The second major split is also very uneven. On one side we have just the water-lilies and their close relatives, including a small aquatic plant called Hydatella that until very recently was thought to be a monocot; on the other side, all the remaining flowering plants.
After that split, a small group of three families, including star anise and its relatives, diverged from the ancestor of all the other flowering plants.
And then next comes a rather larger group, including among it a few familiar New Zealand plants like hutu (Ascarina lucida), horopito (Pseudowintera colorata, pictured at right), tawa (Beilschmiedia tawa) and pukatea (Laurelia novae-zelandiae); magnolias and a lot of tropical spices like nutmeg, cinnamon, and camphor belong in this group too.
Those families, from Amborella to Magnolia, are the basal angiosperms, a remarkable and divergent set of plants that have all kinds of interesting and useful features. But all they have in common is that they’re not monocots (they have 2 cotyledons, leaf stalks, taproots, and net-veined leaves), nor are they eudicots (they have single pores or grooves in their pollen). They’re not considered a natural group.
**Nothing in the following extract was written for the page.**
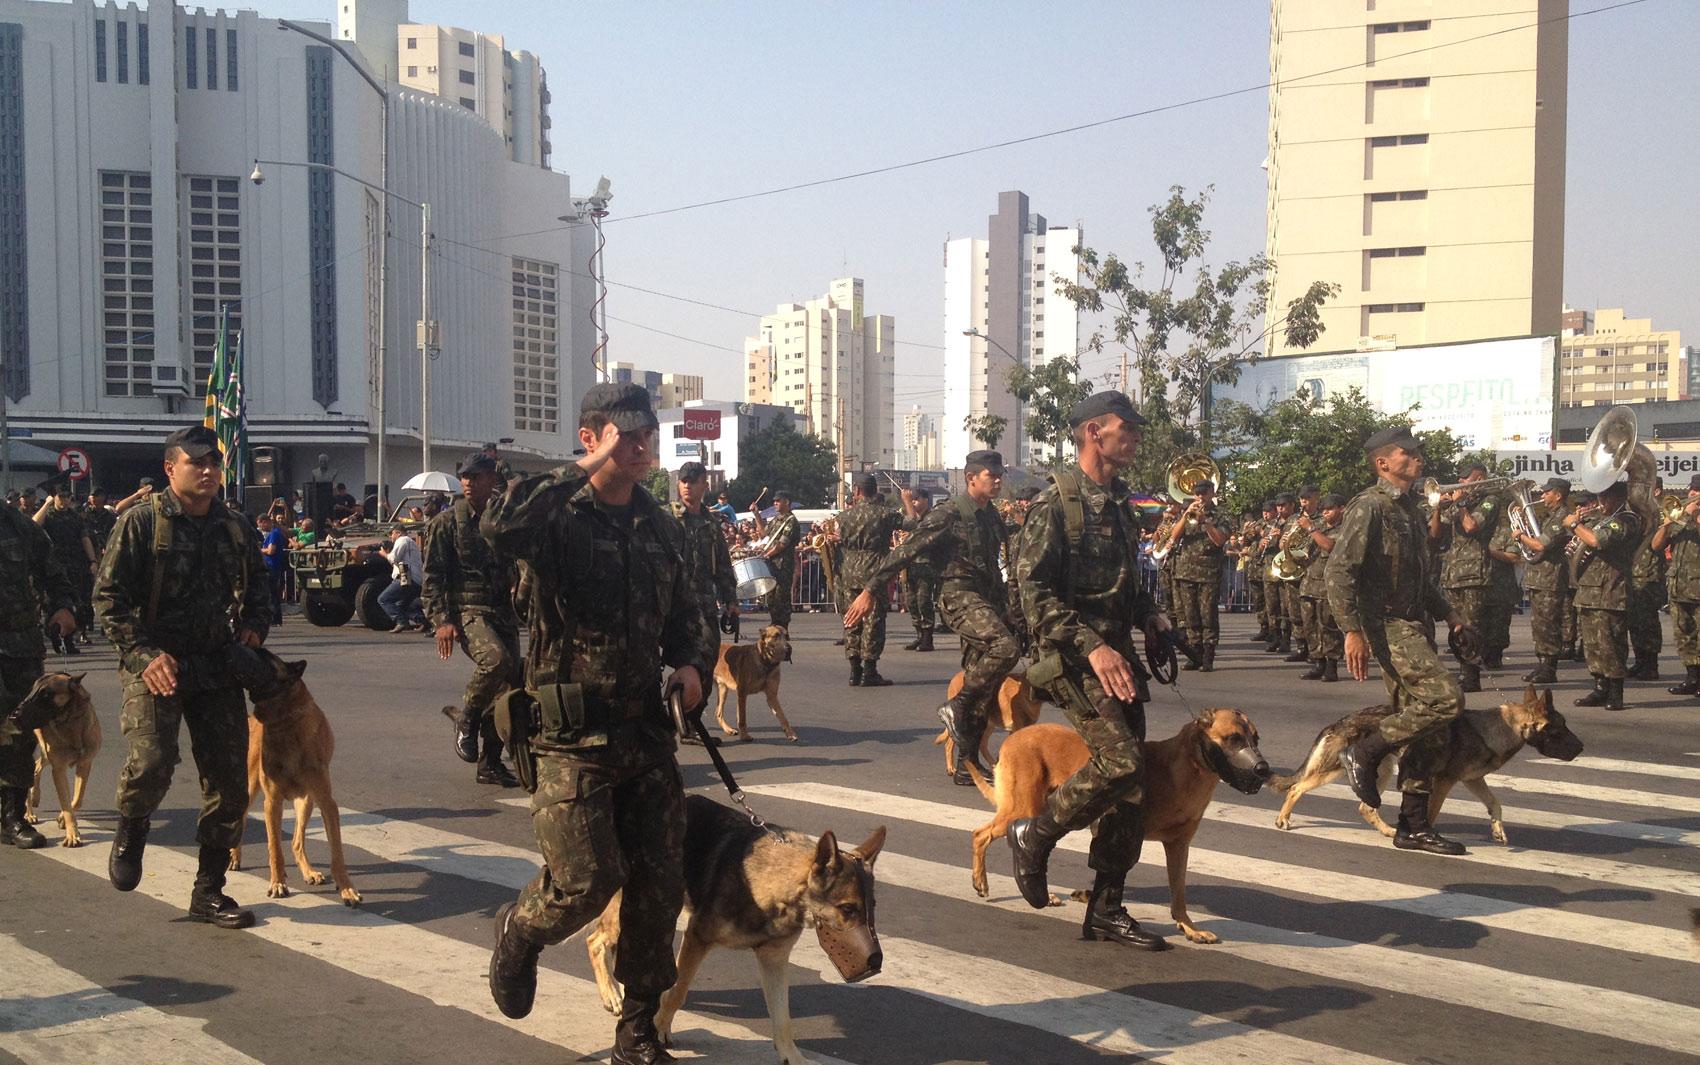 Exército desfila com cães na Avenida Tocantins, em Goiânia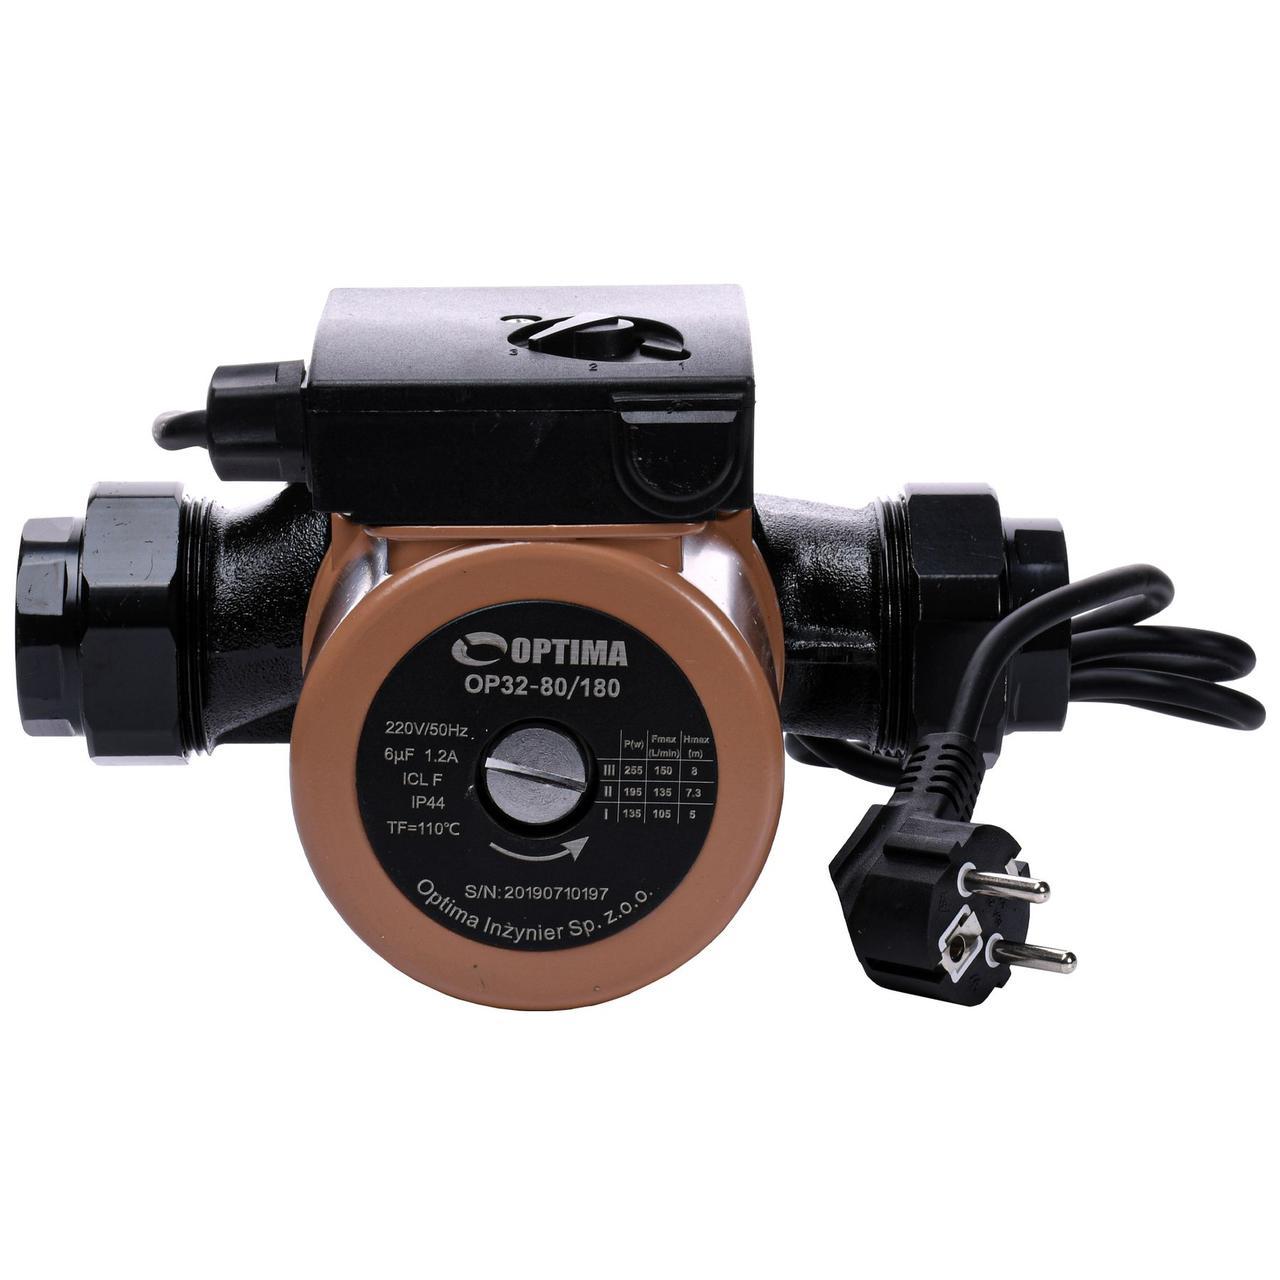 Насос циркуляционный Optima OP32-80 180 мм + гайки + кабель с вилкой

In the 17th and 18th centuries, the spices provided by these plants, particularly pepper, nutmeg and cinnamon, drove European exploration and conquest of tropical Asia. It was said that if a British ship could get to SE Asia and bring back a load of spices without being captured by the Dutch who controlled much of the trade, every member of the crew, from the captain down to the lowliest cabin boy, would be rich beyond the dreams of Croesus. Even today, spices are high value products, in terms of monetary value in proportion to weight.
Why does any of this matter? Well, if we can classify related species together in groups, we can make predictions based on those classifications. This helps in all sorts of economic botany questions, like drug discovery. It’s also useful to ecologists and evolutionary biologists; if we can classify plants according to their relationship history, we can understand how they evolved and how they have adapted to different environments. This is a continuation and an application of the questions posed by Charles Darwin: “… from so simple a beginning endless forms most beautiful and most wonderful have been, and are being, evolved.”
Soltis, D. E. & 27 other authors (2011). Angiosperm phylogeny: 17 genes, 640 taxa. American Journal of Botany 98: 704—730.